### [Dataset content]
»»

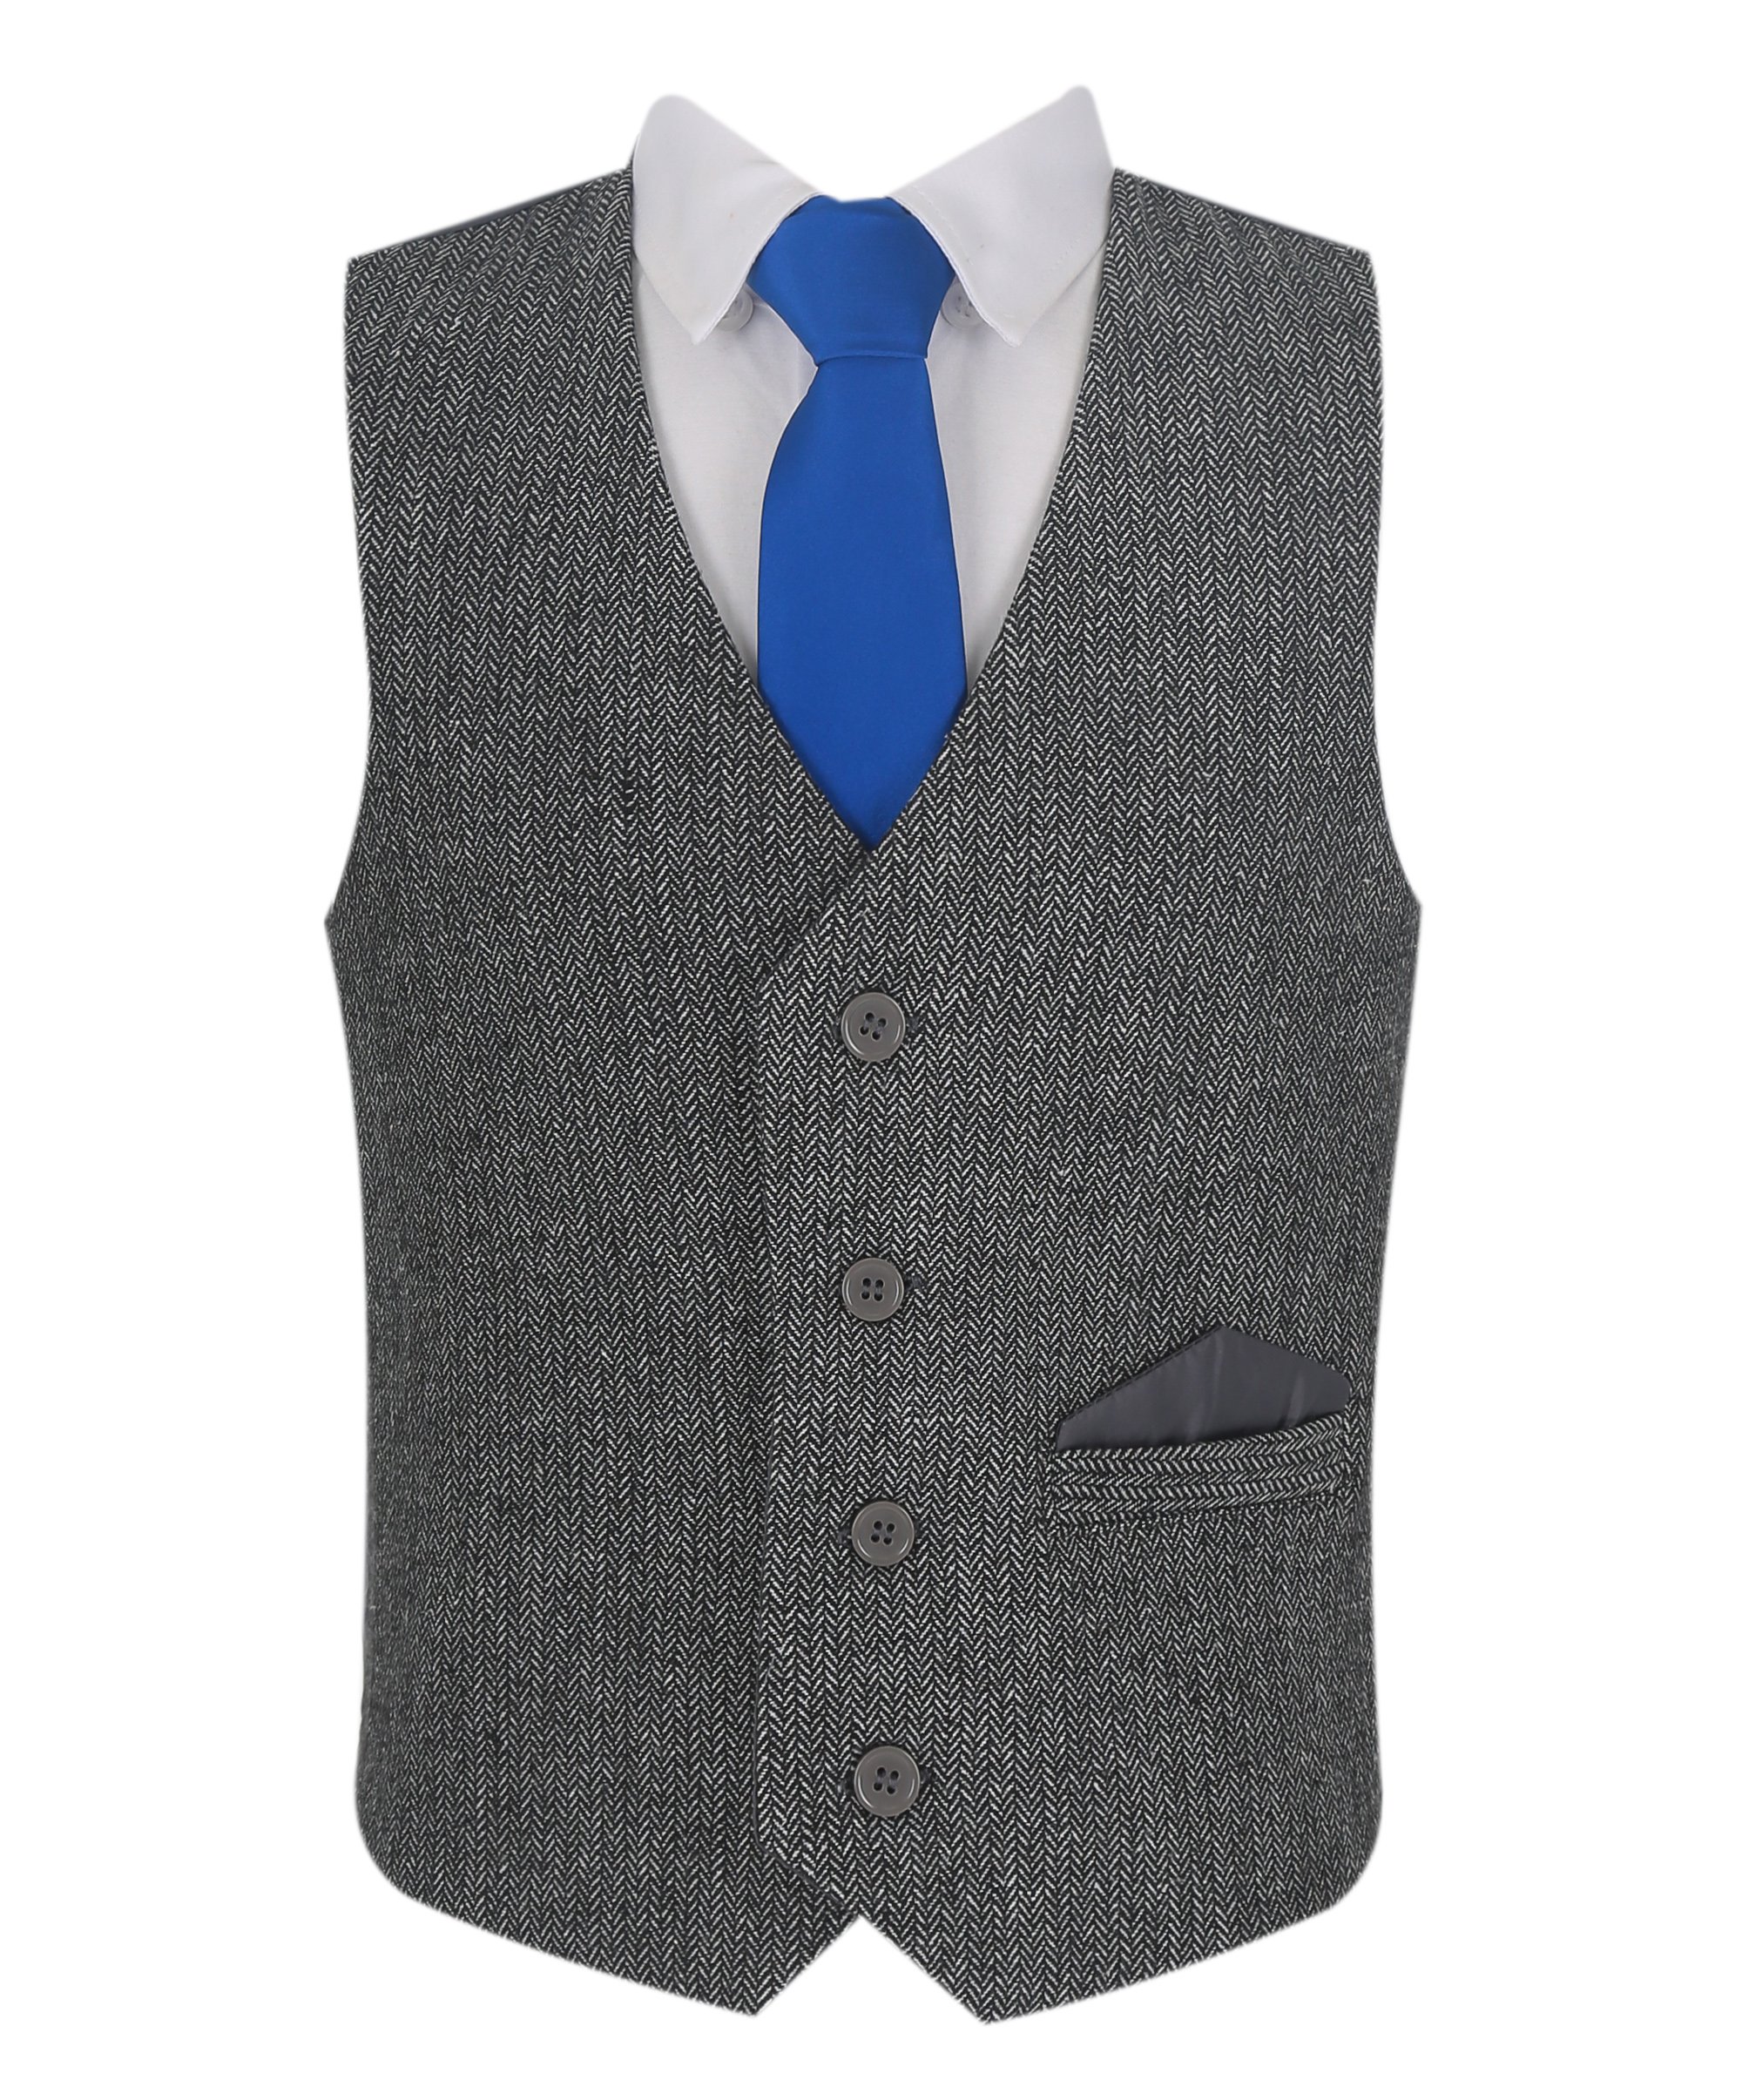 Boys Herringbone Tweed Vest Suit Set
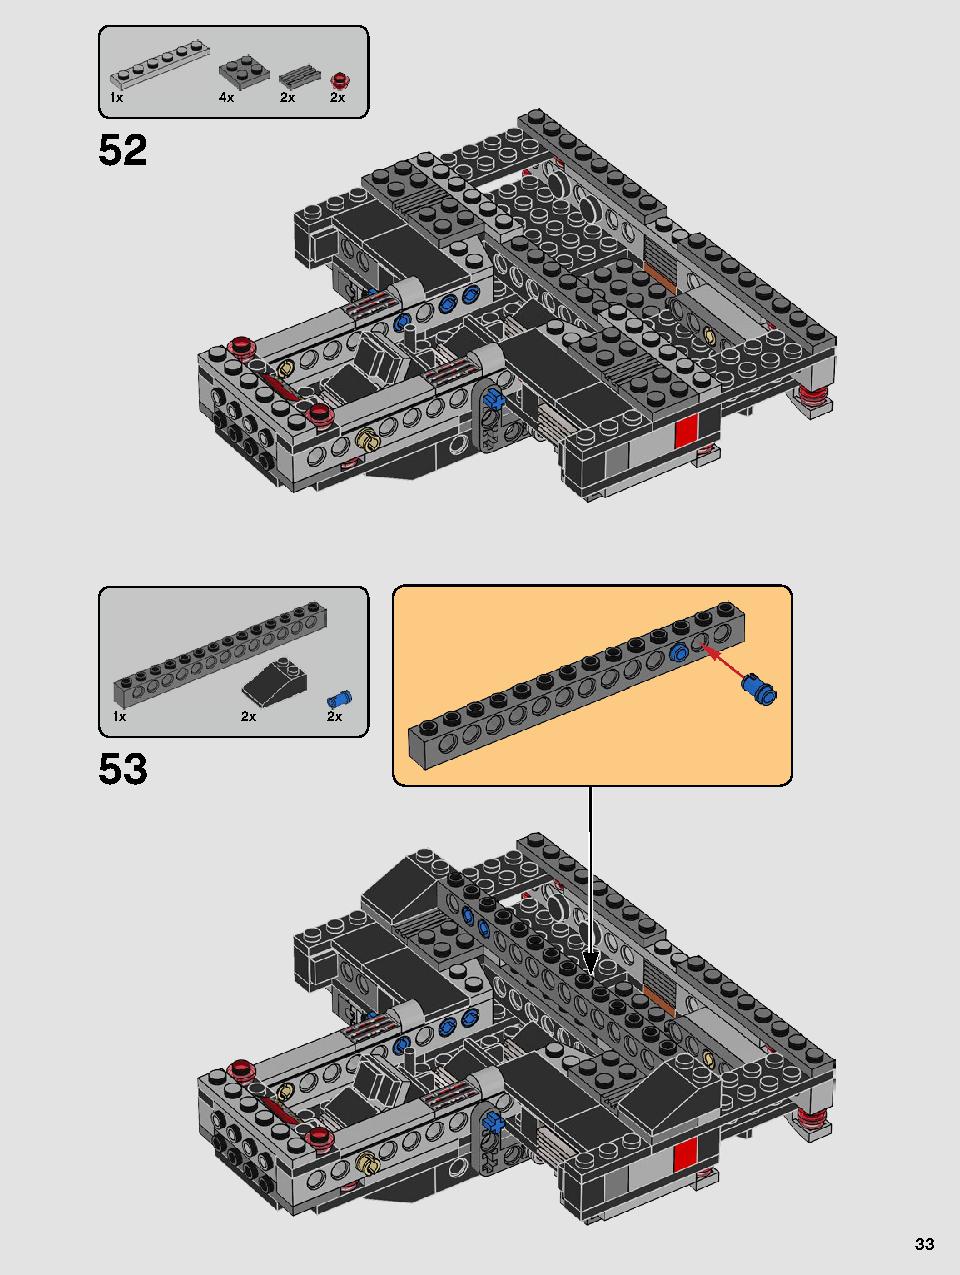 스타워즈 카일로 렌의 셔틀™ 75256 레고 세트 제품정보 레고 조립설명서 33 page
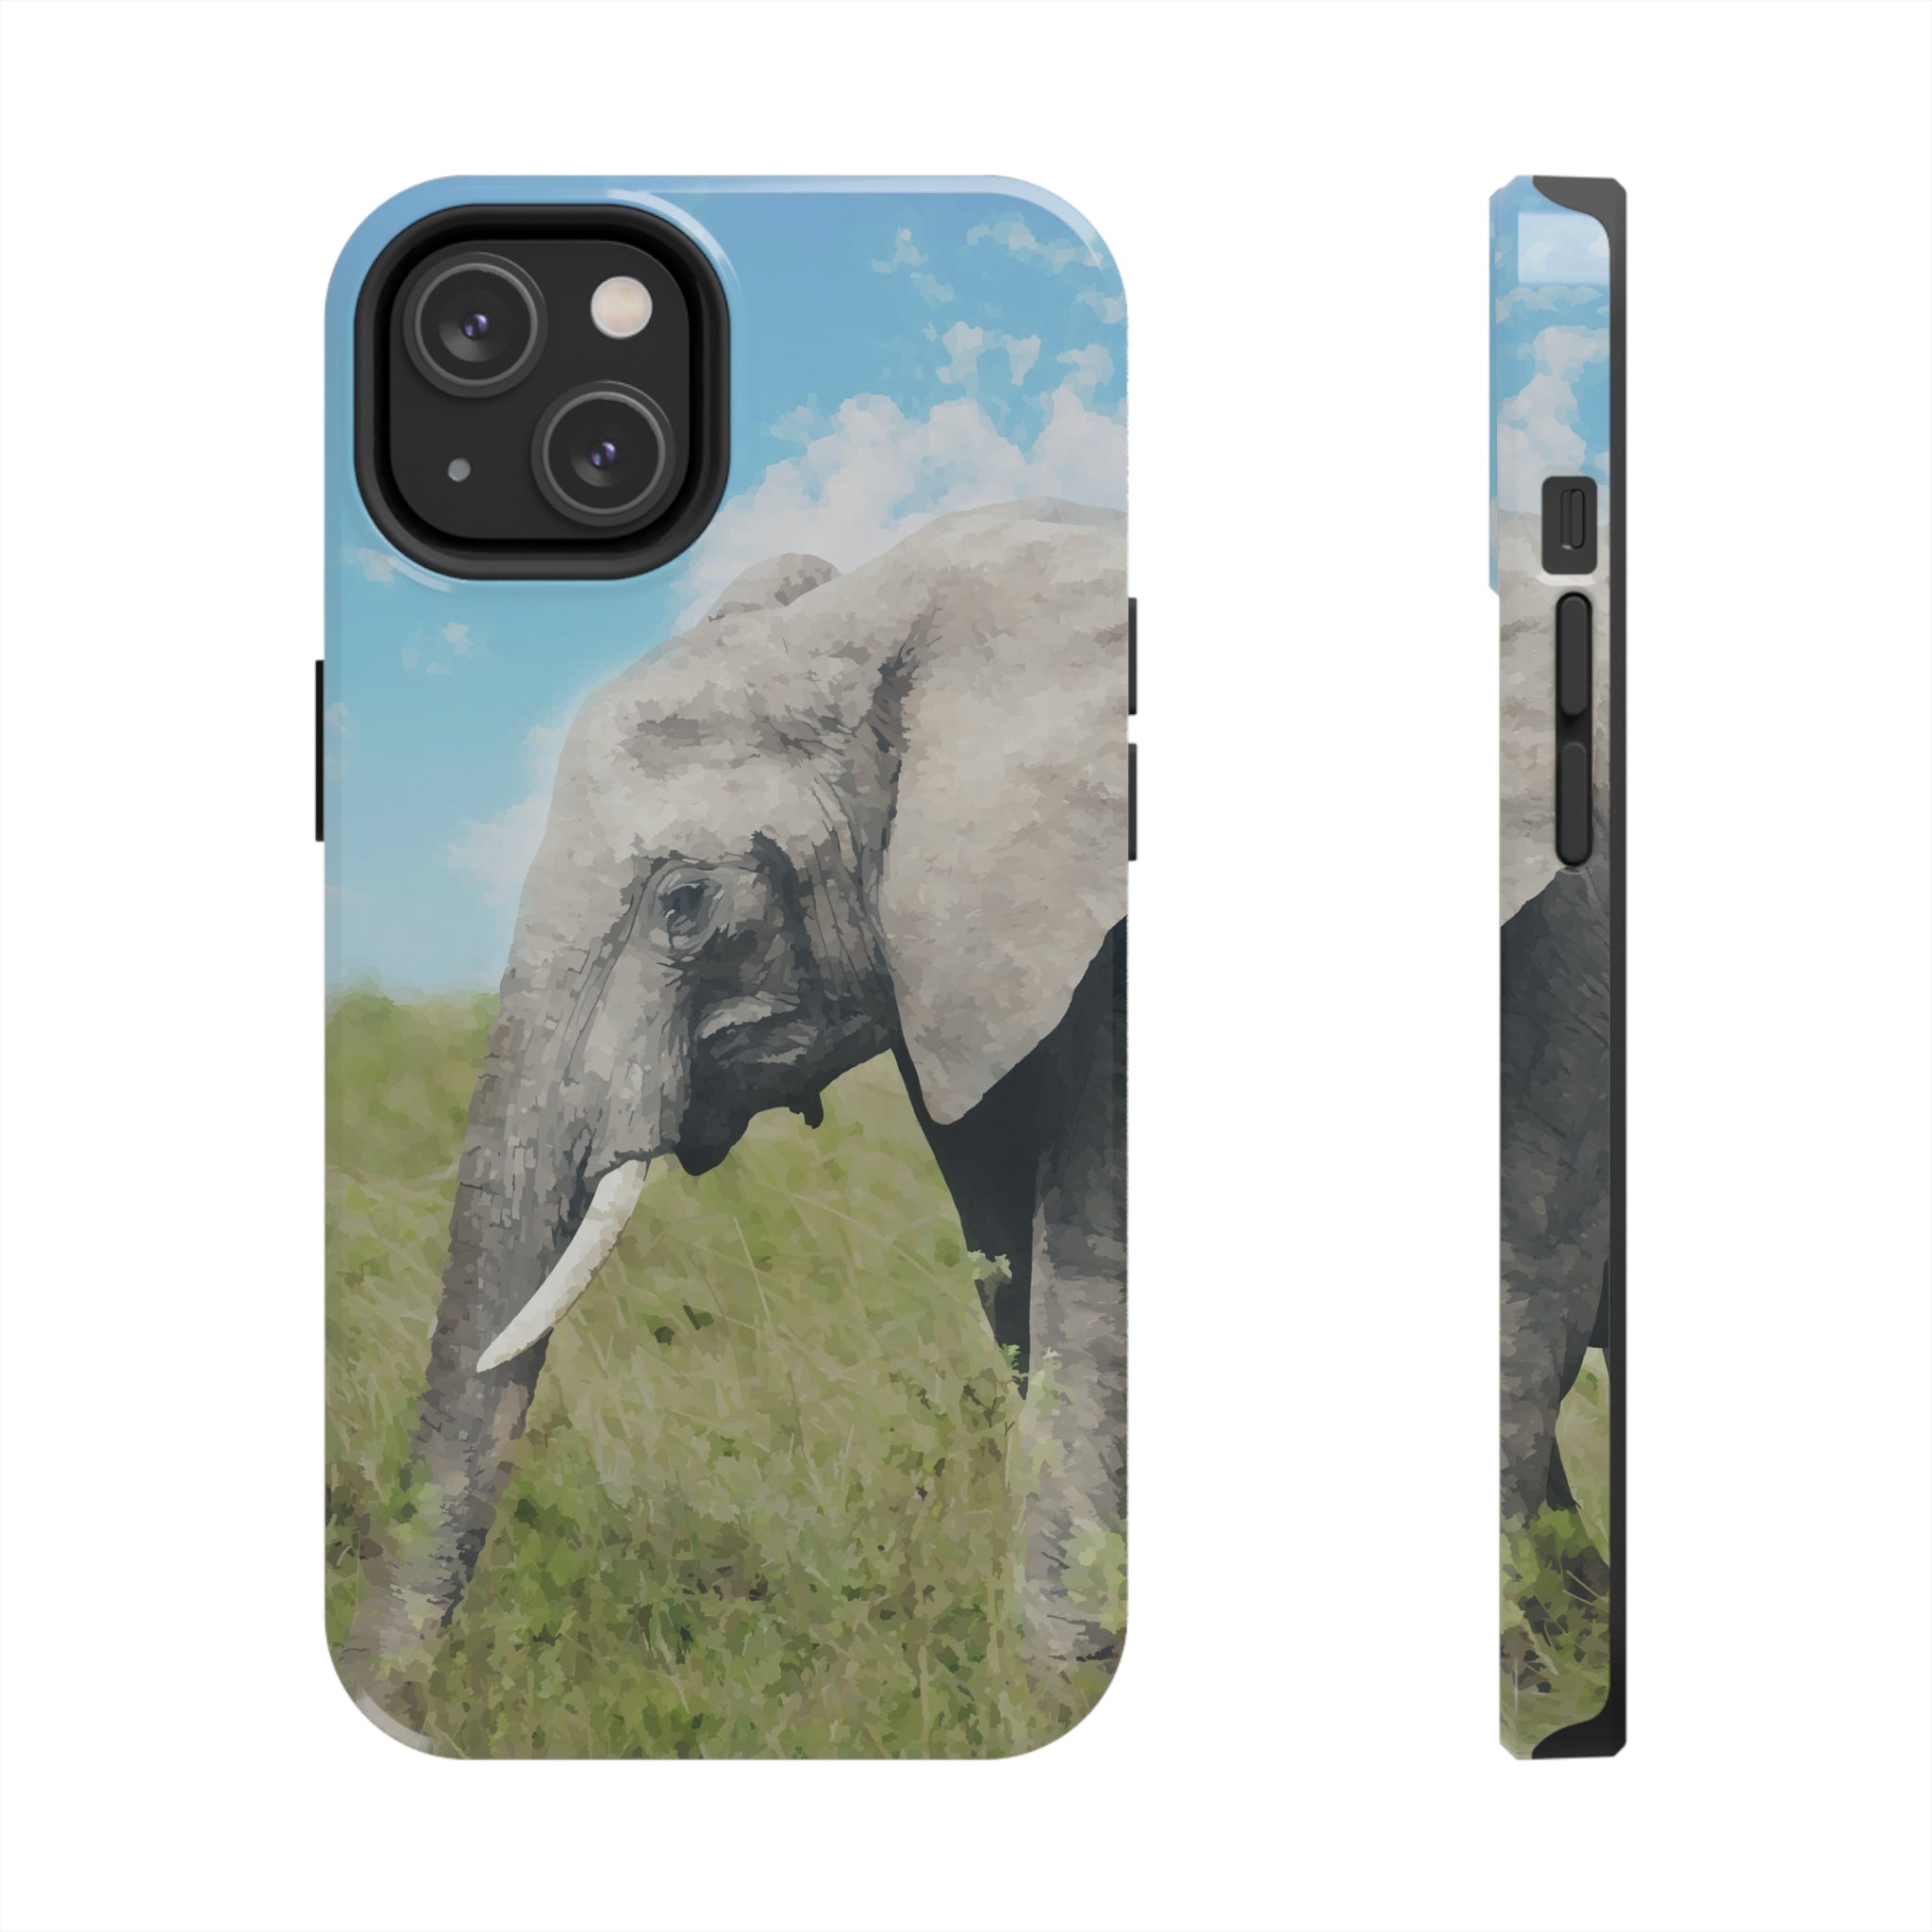 Main image of Elephant iPhone Case

««

### [To do]
Omit the pictures and reproduce the listing exactly.

### [Answer space]
 Boys Herringbone Tweed Vest Suit Set
 스타워즈 카일로 렌의 셔틀™ 75256 레고 세트 제품정보 레고 조립설명서 33 page
 Main image of Elephant iPhone Case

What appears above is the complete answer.